> _Action item_: Word for word, print each line of the listing below; pictures stay out.

> _Collected material_:
--- START ---

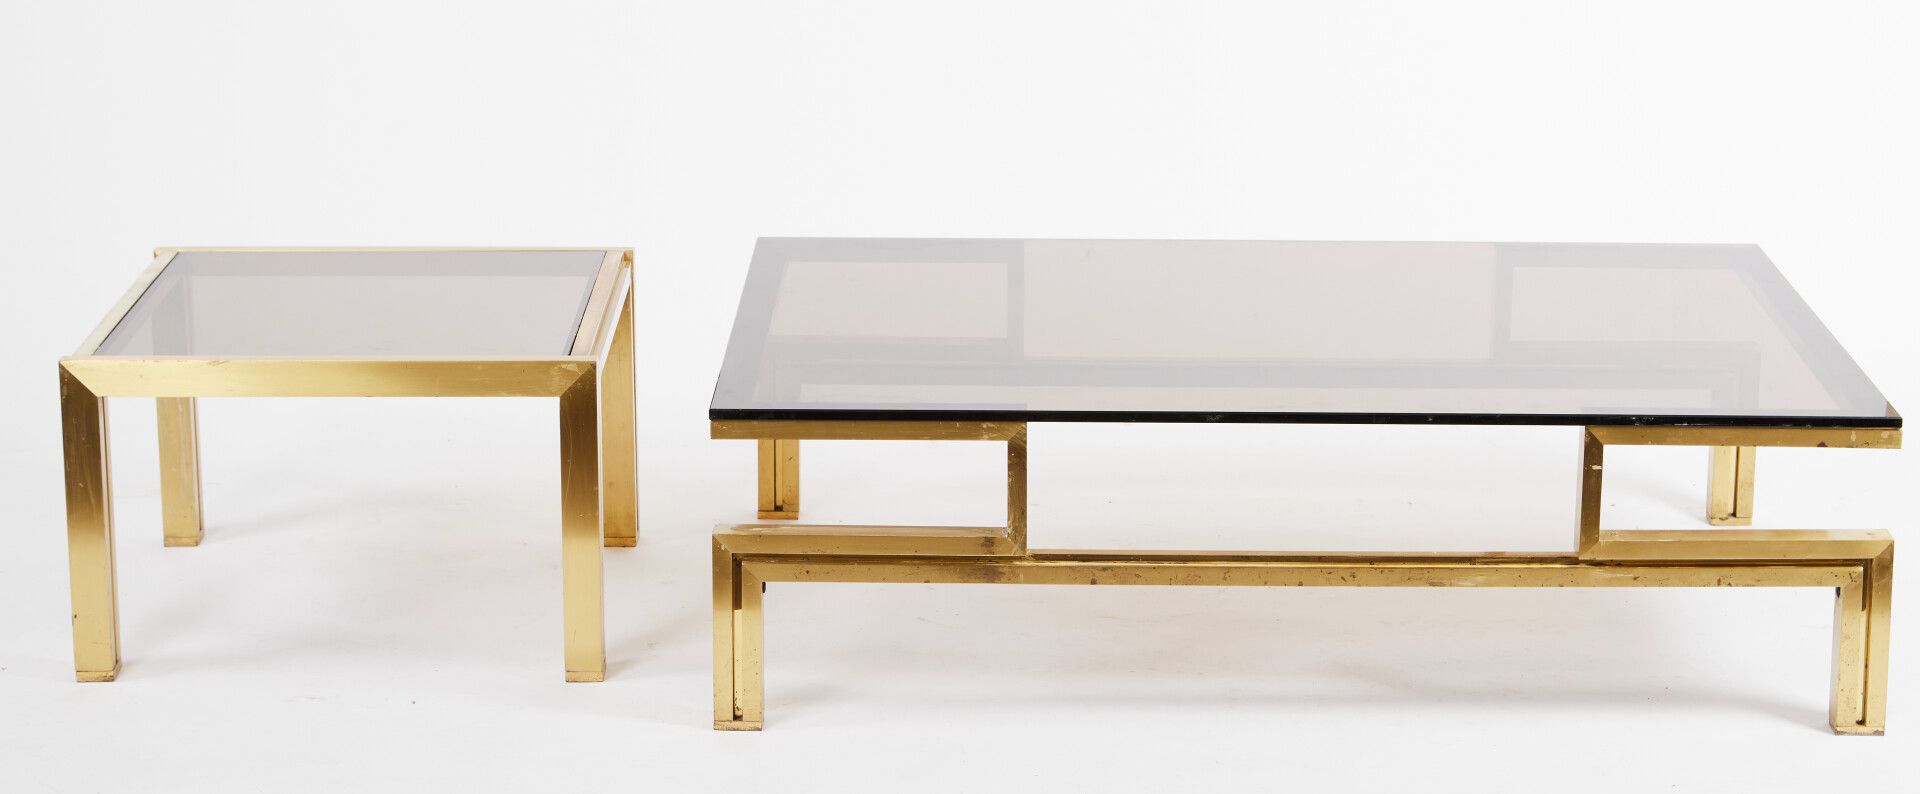 Null 镀金黄铜和烟熏玻璃板的咖啡桌和沙发的末端。

约1975年。

34 x 120 x 80厘米和35 x 54 x 56厘米

--- END ---

> _Exercise response_:
 Null 镀金黄铜和烟熏玻璃板的咖啡桌和沙发的末端。

约1975年。

34 x 120 x 80厘米和35 x 54 x 56厘米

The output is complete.